The irrigation and drainage infrastructures of the Central Asian countries, inherited from the former Soviet Union, are one of the most sophisticated in the world. though the efficiency is very low. According to the ENVSEC (2005) Assessment for Central Asia water use is as high 12,9 m3 per hectare and only 21% of this is effectively used, the remaining 79% is lost, mostly from unlined canals on and between farms. Managing these infrastructures requires substantial funds which the countries are not always able to allocate.
In the last 10 - 20 years, because of this lack of funds, maintenance and repair works have been done irregularly and work tends to be in response to rather than in order to prevent emergency. As a consequence, structures, including canals and drains, have ceased to work in design mode, and irrigated lands have started to lose productivity and/or have been abandoned.
Currently, any sound strategies for reconstruction and repair of facilities do not exist. The works are not systematic, and mostly are of the emergency response. This does not improve the situation, and often leads to deterioration of operational capacity of facilities, canals and drainage systems.

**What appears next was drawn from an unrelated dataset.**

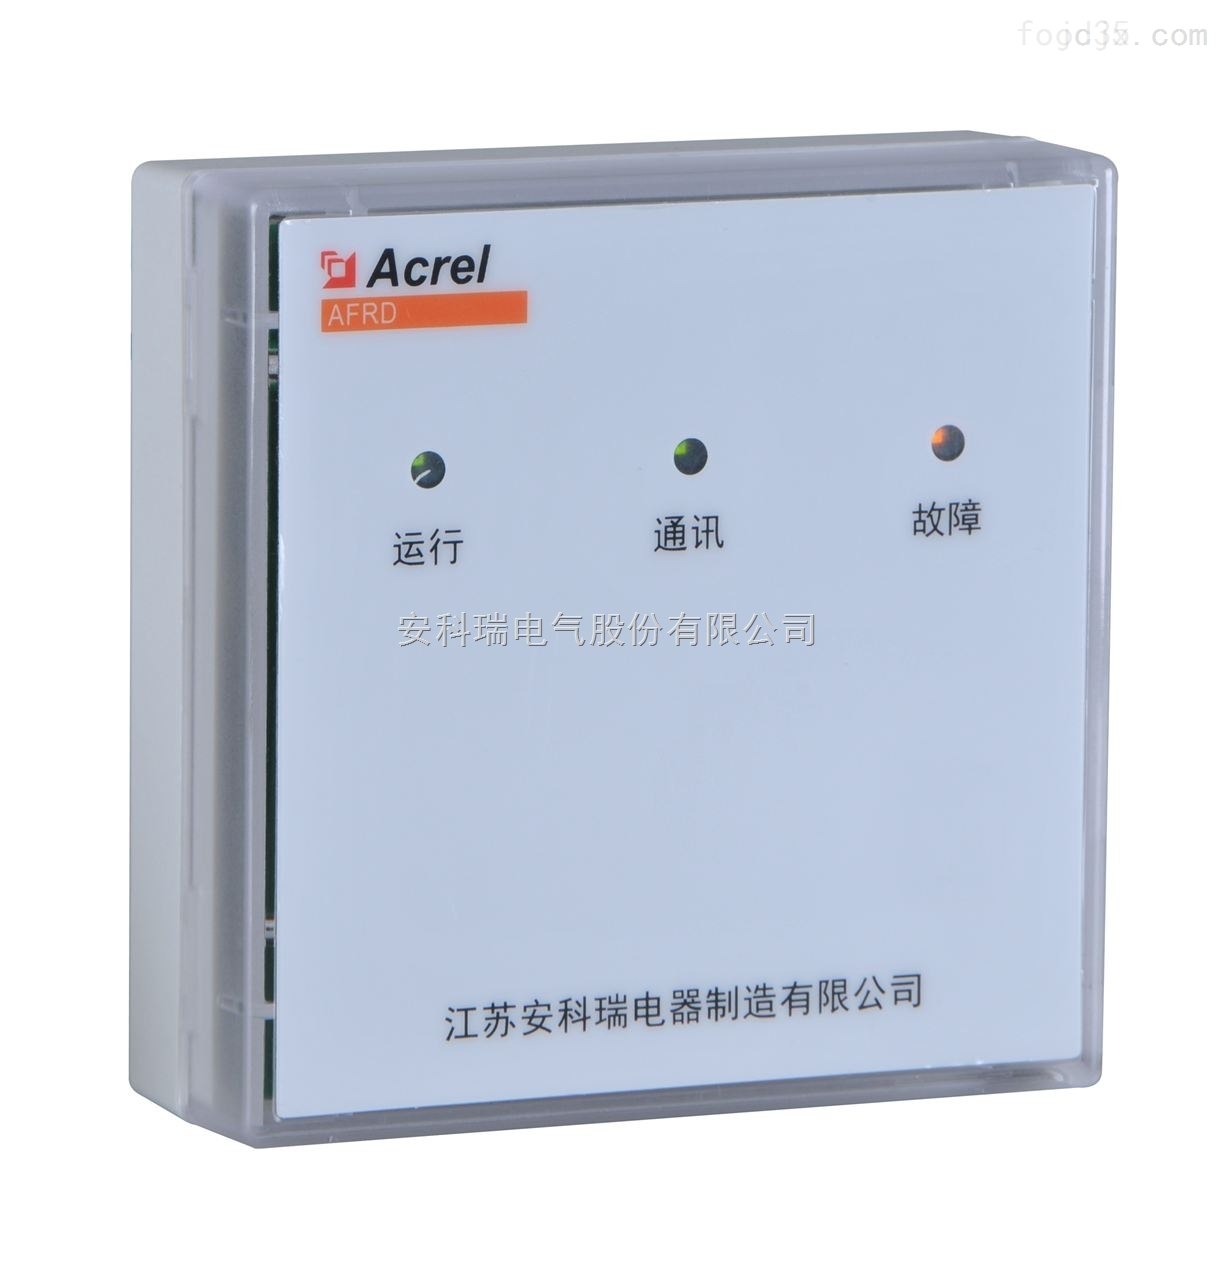 安科瑞电气 AFRD-CB1 防火门监控模块 常闭Acrel 单扇

|Degraded canals within the agricultural areas of Central Asia
Irrigation Infrastructure Monitoring System
Increasing the efficiency of the use of water resources and reducing the cost of public expenditure for operating irrigation infrastructures are the priority tasks in the irrigation sector.
Since the early 1980’s, Irrigation Service Fees have been charged for the use of irrigation water in the Central Asia states. This volumetric method was, and is, mainly used for establishing the costs for the water supply services provided, i.e. water users pay for the volume of water delivered.
Originally, the Gauging Station Registers the water facilities were established according to administrative borders. The Registers reflected availability and conditions of the measuring devices, accessory tools, level of automation of water allocation processes, and the needs for maintenance. In addition, there was a system operational for the certification and verification of equipment.
However, since the collapse of the Soviet Union, this work has gradually declined due to the lack of funds required to keep the system operational. This has resulted in an inadequate provision of water to water users and the inability to monitor the flow and distribution of water.